Note the "t" on the end - this is the "sticky" bit. It allows users to write to the driectory without stomping on each other. Check out the description at http://www.uwsg.iu.edu/UAU/files/sticky.html.[/u]

----------

## pannag

Hi,

Thanks a lot for your replies.

I changed it to 1777 and that warning does not appear anymore. But 1775 did not work, I donno why! Also, I am wondering what that sticky bit is all about...

Thanks again

Pannag

----------

## pgf

Pannag, check the link I posted above for a good description of the sticky bit. 

1775 does not allow the user to write to their own mail spool, so 1777 is required.

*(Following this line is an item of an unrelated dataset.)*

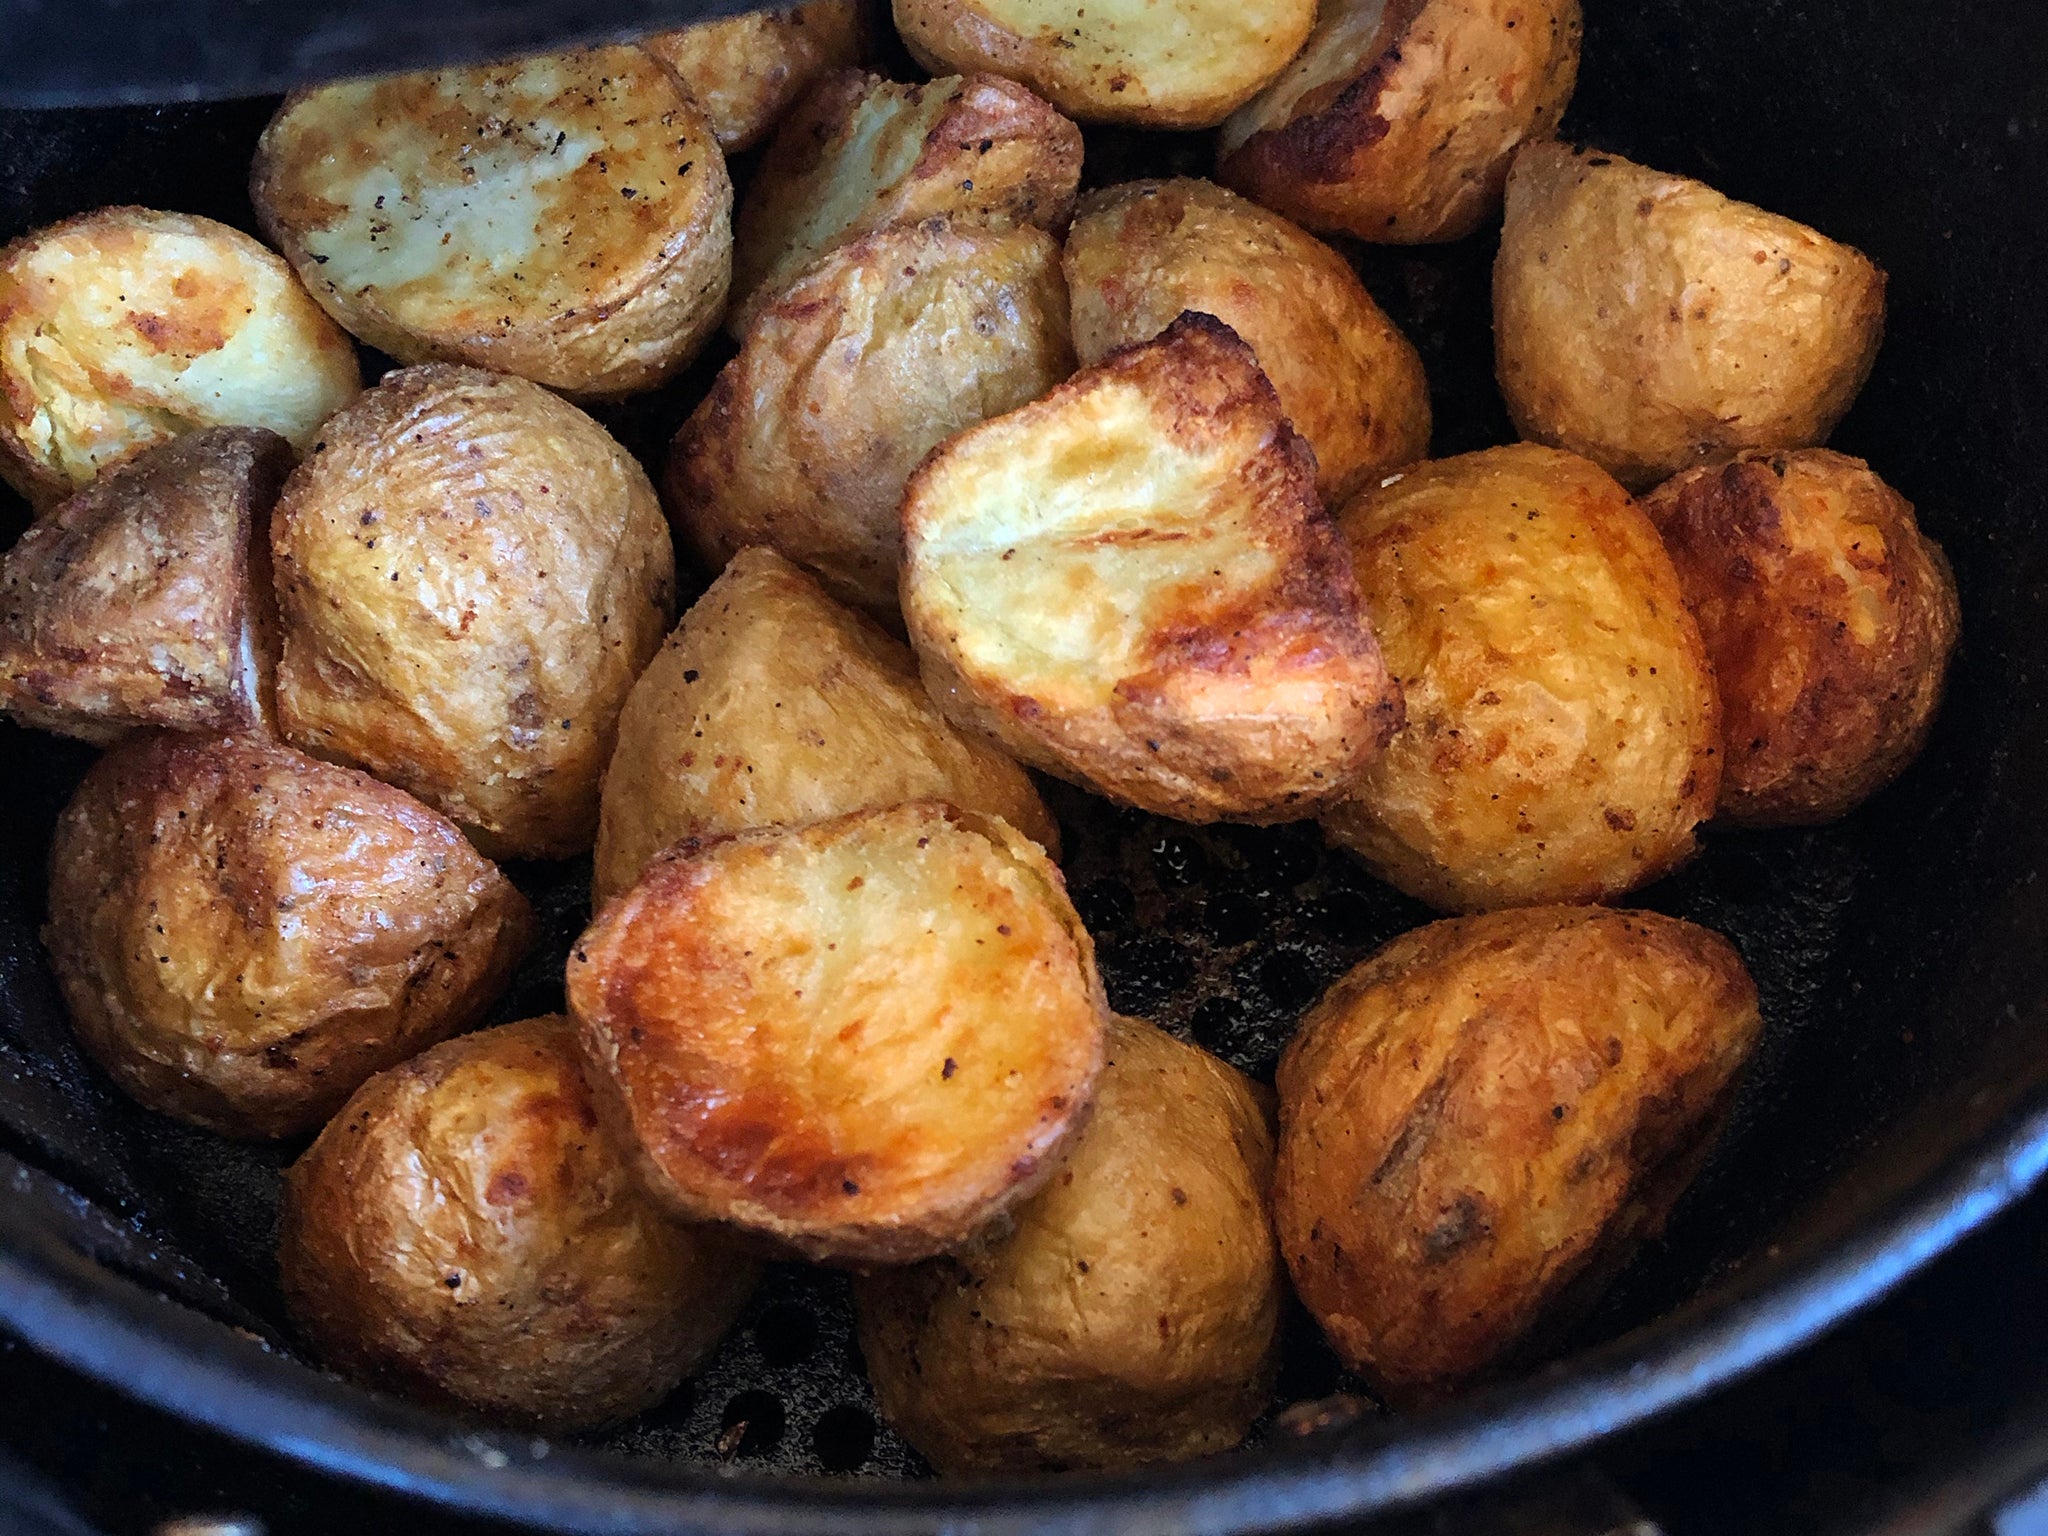 Crispy roasted potatoes seasoned with rosemary and garlic, fresh from the fryer

The sticky bit helps restrict access to just the spool file belonging to the individual user.

----------

## gentsquash

pgf thank you for the "sticky" link; a useful reference site.

pannag, if you feel that your problem is [SOLVED], 

would you consider marking it as such?  Only you can edit the

title of the first post in the thread.

----------

## pannag

Thanks gentsquash.

I have changed the subject of my first post. 

Do I need to mark the issue as solved formally somewhere?

Pannag

----------

## gentsquash

Nope, that's fine.  Gotta love these forums...

----------

## gnuageux

Ive always prefered the [solved] some topic but whatever

----------

## gentsquash

Me too, but I appreciate it just being marked at all.  The

majority of the time it isn't.

In terms of his "formally" question: Would it be worthwhile that

GentooForum thread-titles have options like Buzilla has; "closed",

"re-opened", "solved"...

----------